2010/11/10

そこにある意味

普段はあまり見ないテレビ
何気なくつけた番組、世界仰天ニュースで
「難病と戦う少女」と言う特集を組まれていた。守井朝陽ちゃん。
驚いたことに娘と全く同じ病名だった
タイトルから、若く亡くなってしまうのは想像出来たのでテレビを消そうか迷ったけど
胎児診断から出生時の様子、病状の進行など娘と似た過程だったので
見てみることにした
10万人に一人。原因は不明。
病態、複雑な手術方法の説明などは多少省いてる感もあった気はするが
一般の人にもとても分かりやすく解説されていたので良かったと思った
9歳の短い生涯、精一杯生き抜いた姿が、テレビにしては妙な誇張もなく淡々と
描かれていたのが逆に娘の姿と重なり涙が止まらなかった。

印象に残ったのは、
朝陽ちゃんが友達に、「朝陽ちゃん明日オペなんやろ、頑張ってな」と言われて
泣き出し、「頑張ってって言われたないねん。朝陽な、頑張ってるやん。
そやのに、もっと頑張らなあかんの?」と言い、この言葉に母親はなんて言っていいのか・・・と絶句した場面です。

私は何度、娘に頑張れといってるだろう。
ICUで意識のないとき、今夜が峠と言われたとき、
ギリギリのところで生命を維持していたとき、
娘の入院中、意識不明のときの記憶が残ってる、周りで何が起こっているか声が聞こえたり話していることが分かっていたというある患者の手記を読んだ
この本の出会いが私にとっては大きな啓示となった。
昏睡状態でも、意識がなくても、いつもいつも励ましの言葉をかけ、
日常のように絵本を読んだり、なんでもない話をしたり、空の色を教えてあげる
手を握りしめ、安心感を与えることがいかに大切かの確信をもっている。

そして信じること。
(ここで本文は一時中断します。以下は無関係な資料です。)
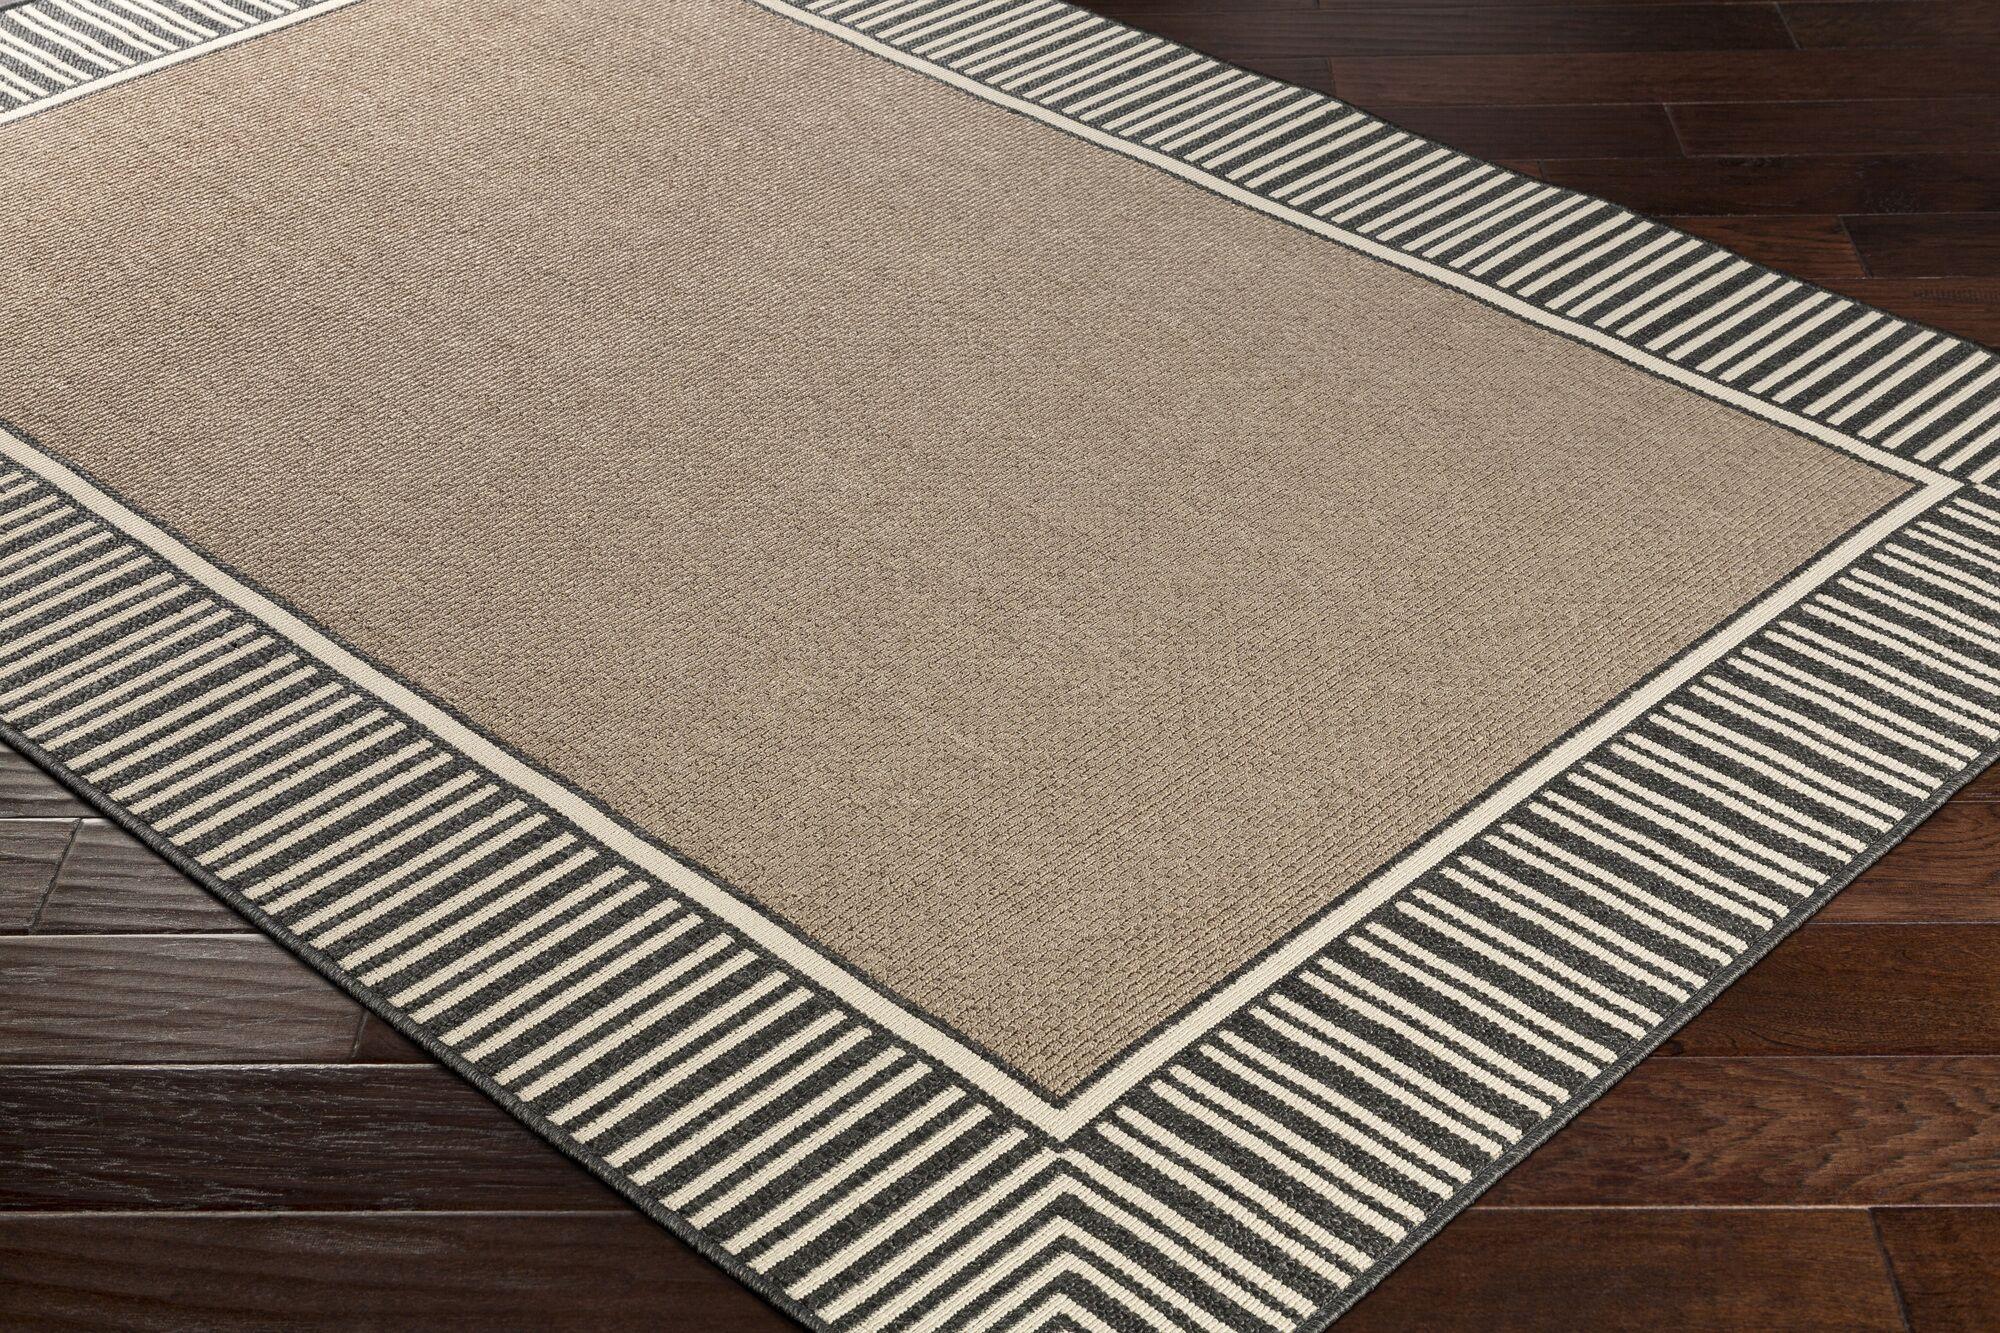 Oliver Camel/Black Indoor/Outdoor Area Rug Rug Size: Rectangle 7'6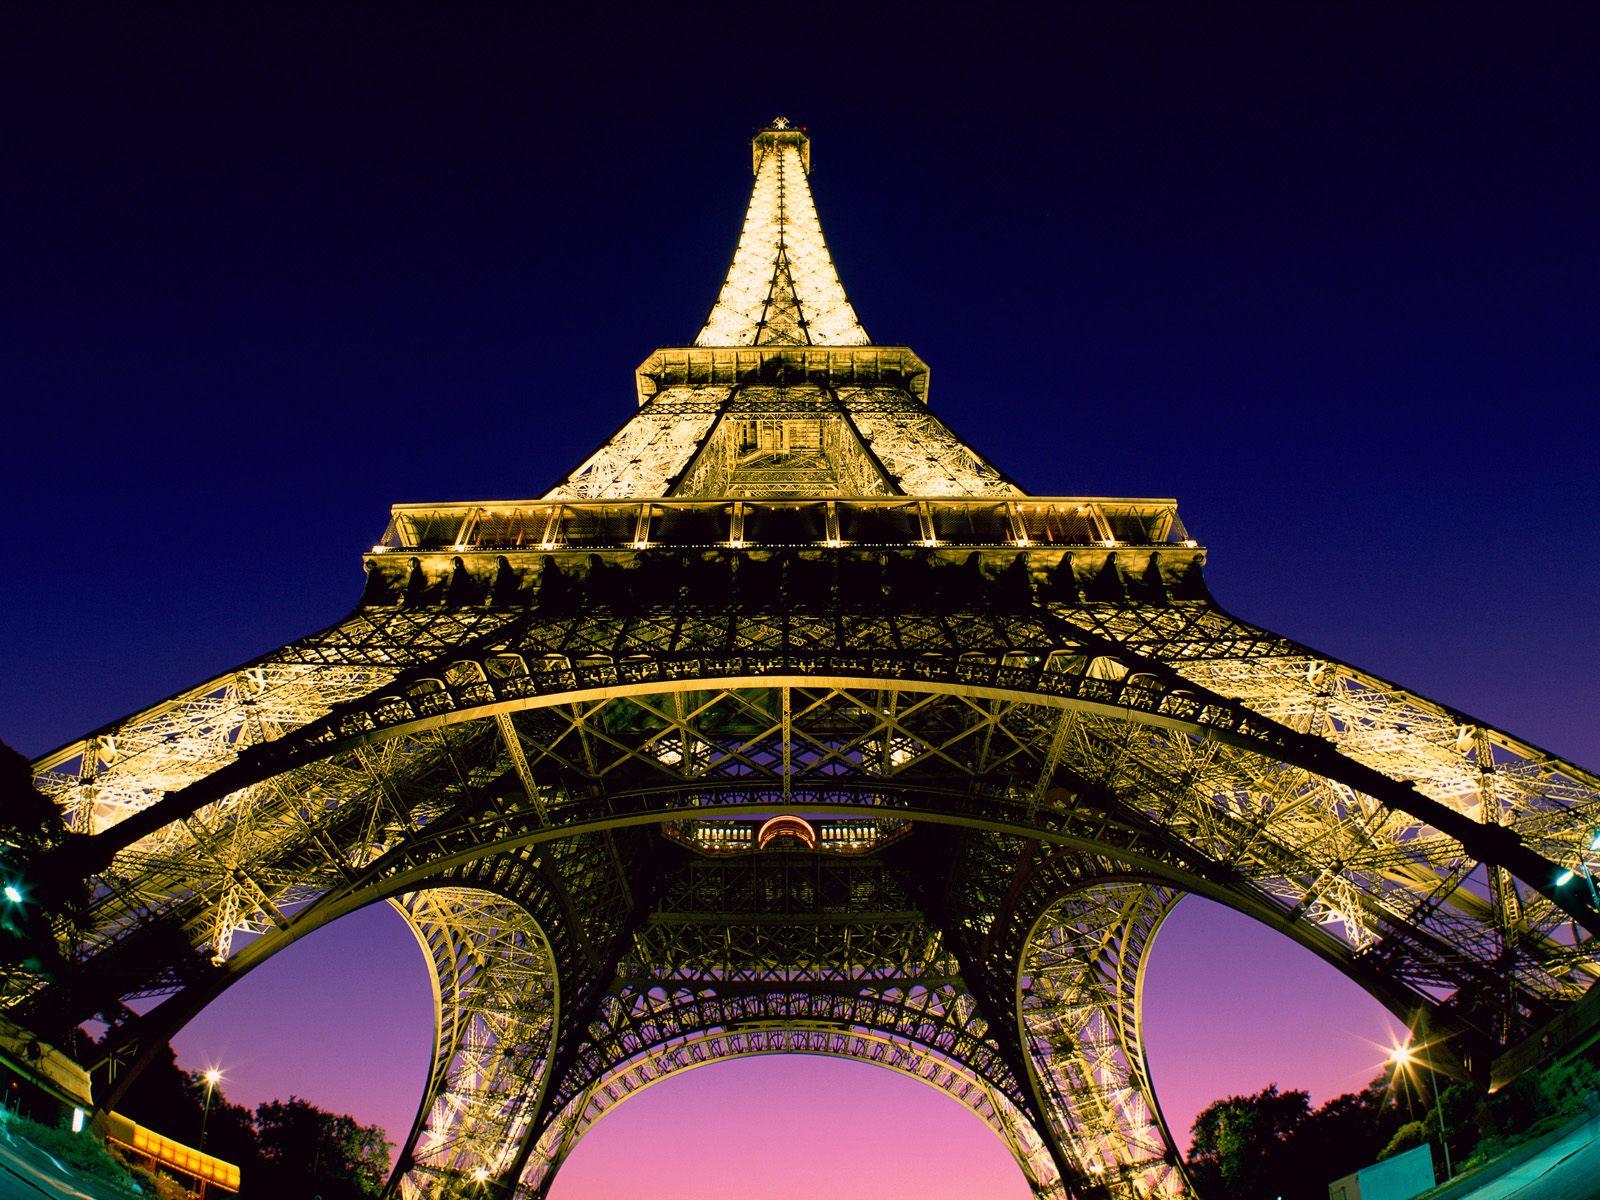 http://1.bp.blogspot.com/-iddGCts22Ec/T6cEKtpK0yI/AAAAAAAAAgA/Mr6GJg2G7Cs/s1600/eiffel_tower,_paris,_france.jpg

信じぬくこと
中途半端な気持ちで何かが実現したことはあるだろうか
強い意志を持って、ひたすら信じることがある奇跡を起こすのだと思う
そして信じ続けるには心身の強さや明るさが必要不可欠ということも学んだ
娘が私の元に生まれてくれるためにヨガと私は出会ったのだと信じている
そして娘は言われなくても死ぬほど頑張って「今」生きているんだと思う
それが生きることなんだ
私はこれからも娘の大変なとき、やっぱり娘には頑張れと言うだろう
頑張って生きて
その魂を全うしてほしい

物事を受け止め方を変えること、明るくいること
シリアスな状況でも悲しい気持ちだけで生きていたくない
支えられる人間になるために、もっともっと自分を成長させたいと思った
娘に恥じない人間に成長したい

私は普段テレビのそういった情報は殆ど見ないようにしている
子どもの難病特集とかオペ、ハンディキャップの類のもの
お涙ちょうだい的な、感動をありがとう的な24時間テレビなども何年も見ていない。
昔から違和感があった。障害者は何か特別な頑張りをしないと認められないの?
別に感動させるために生きているわけではないのだろう。
感動してもらわなくてもいいからこういう人々がいるという事実を
知ると言うことが大切なのではないだろうか

実際はもっと日常的でそんなにシリアスなものじゃないような気がする
もちろん状況によってシリアスにならざる得ないこともある
でもそんな毎日なら心がもたない。